OK, Where’s the Fun?

Now, if I could choose to be cured of this missing faculty, would I? Let me think. That took about a millisecond. Nope. It appears to me that possession of this curious capacity over-complicates life. Just imagine how much extra free time I’ve got to indulge in a dissolute and hedonistic lifestyle. Ah, but I guess that’s the point. If all my spare time were taken up in worship, there ‘d be  less time for me to have FUN, and that’s the last thing any of these superstitious sects want me to have. They just don’t like human nature, do they? At all costs, my primeval instincts and desires must be contained, otherwise the wrath of god will be upon me. Behave! But wait a minute, wasn’t that how my parents used to act, ostensibly for my own good? Why, yes. Now I get it. Worshipful people never grow out of their infantile parent-worshiping stage. Most of us learn to see through it, don’t we? You know, when we hit those teenage years and fly the nest: bye mum and dad; bye belief in fairies and Santa; bye Peter Pan, you’re welcome to live in Neverland; oh and you can kiss goodbye to that invisible gal or guy in the sky too! So there you go. ‘What is worship?’ T simples. It’s an expression of perpetual immaturity.

This Post Has 5 Comments

  1. challenger72

    That conclusion is accurate. I was talking with my friend today saying we are similar in that we look after ourselves a lot. Both of us lives alone and both of us is an atheist and we know that we do not have a a God to lean on to for health or for a prize after death for bearing with fate. That thinking might not be very pronounced or common in the west. But where I come from, people rely a lot on the fact that the end, they will only see what was written in there book

  2. John Dillon

    The last line of your comment says it all, Barry: ‘Worship is not for any god because there is no god. Worship is for the benefit of the priest, vicar and imam’. I have another item up my sleeve about this very issue…

  3. bazza

    Your post raises some interesting points and I’d like to dwell on one of them.
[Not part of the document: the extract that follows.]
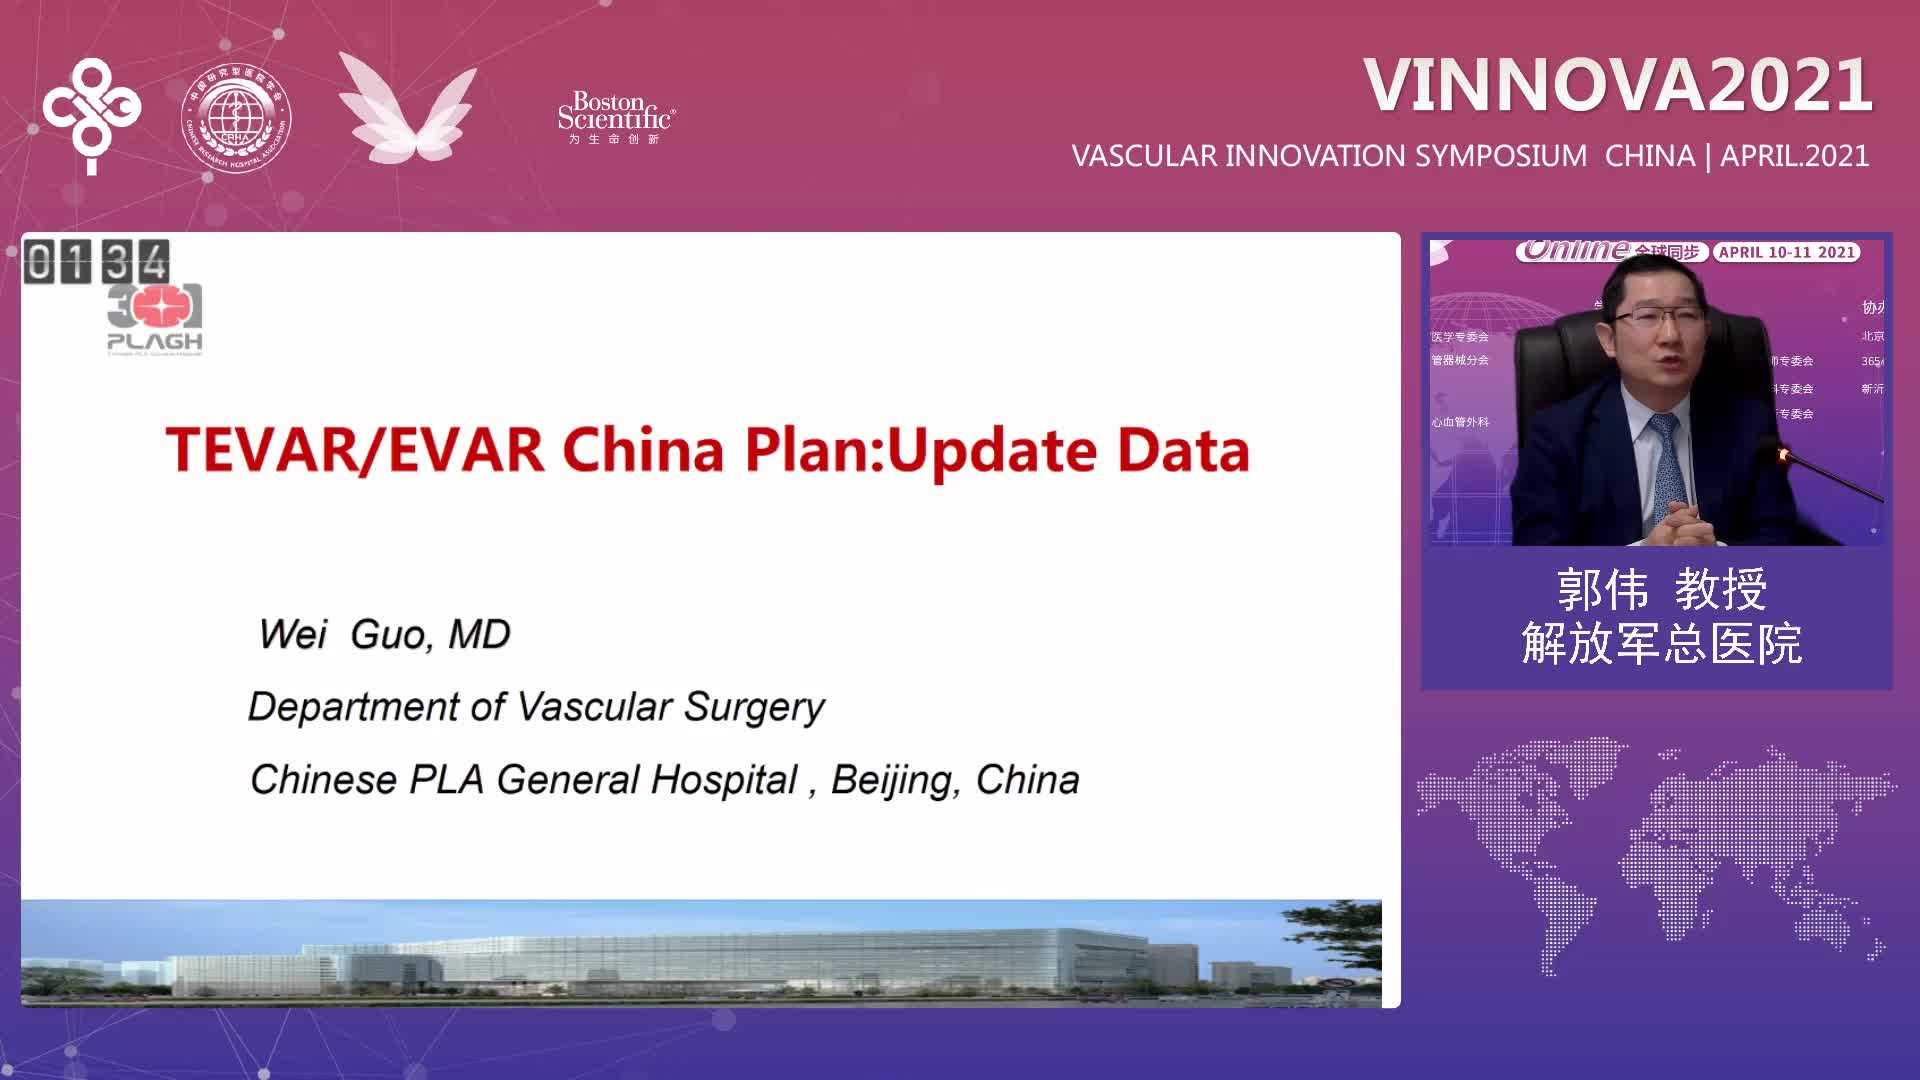 郭伟--TEVARE/VAR China Plan：Update Date
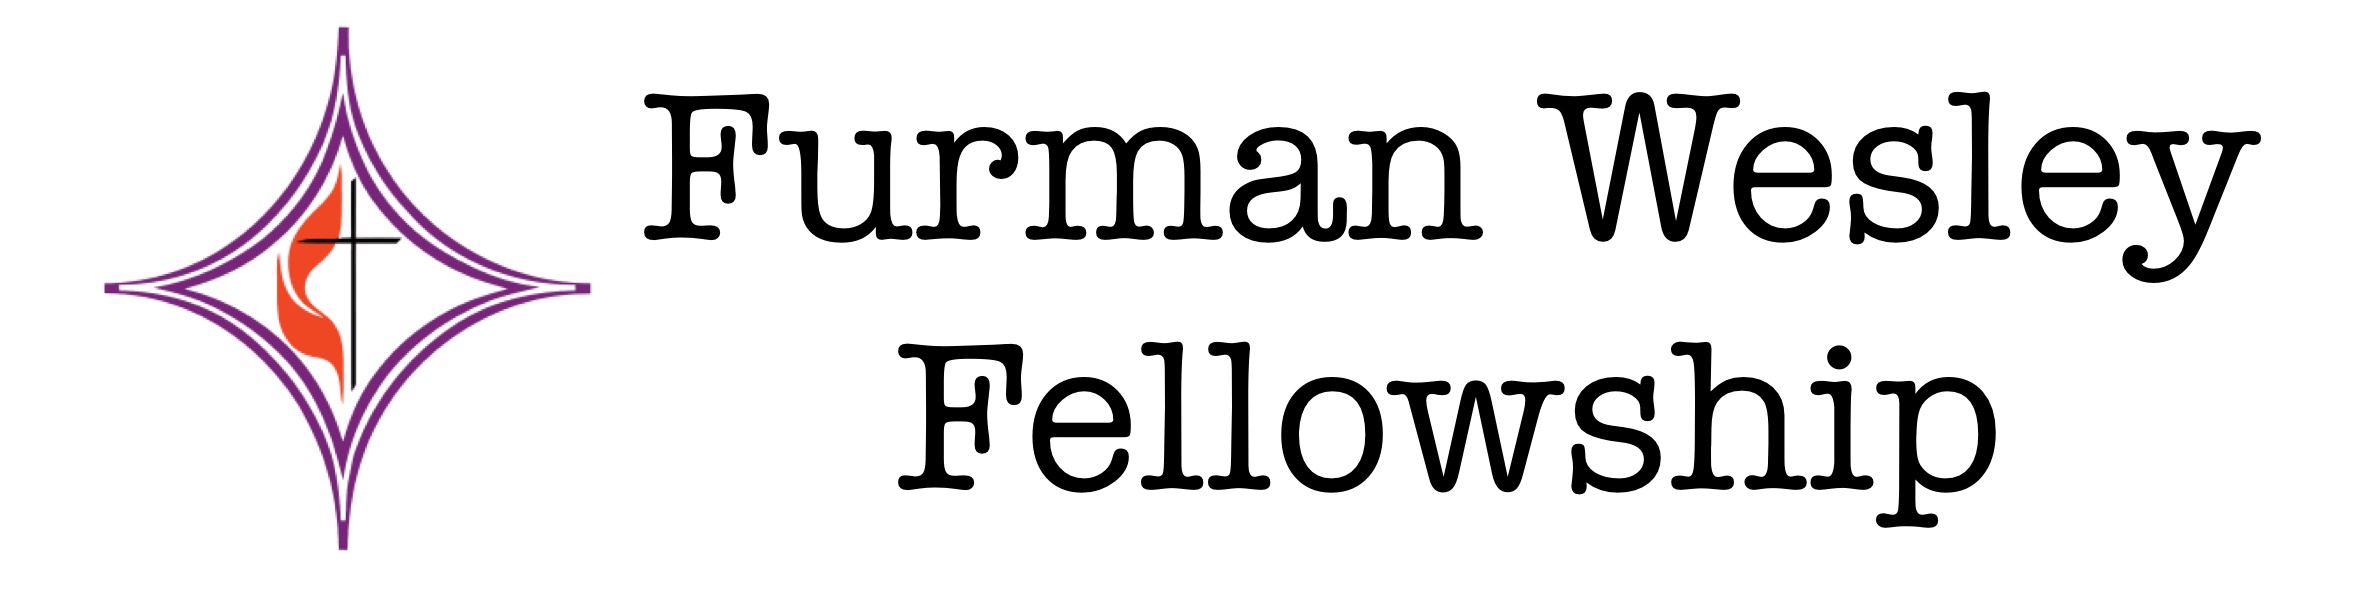 Furman Wesley Fellowship logo

You write, “..if all my time were taken up in worship, there’d be less time for me to have FUN, and that’s the last thing any of these superstitious sects want me to have.”
    Spot on. Religion thrives on heaping misery on people. The ploy is simple and cruel. By convincing people that their earthly lives are worthless, it becomes very easy to sell the idea that things will be better when you’re dead. The promise of ‘jam tomorrow’ is the biggest attraction that religions can offer.
    In the earliest days of the monotheisms, life was (generally) very hard for people. From cradle to grave each day would have been a struggle to survive. It’s easy to see how a cynical priesthood seized on the plight of others and set themselves up as the necessary conduit to eternal, blissful life.
    The joys of earthly life are rebranded as ‘sins’ and are replaced with repetitive, monotonous prayer – five times a day in some cases.
    Worship is not for any god because there is no god. Worship is for the benefit of the priest, vicar and imam.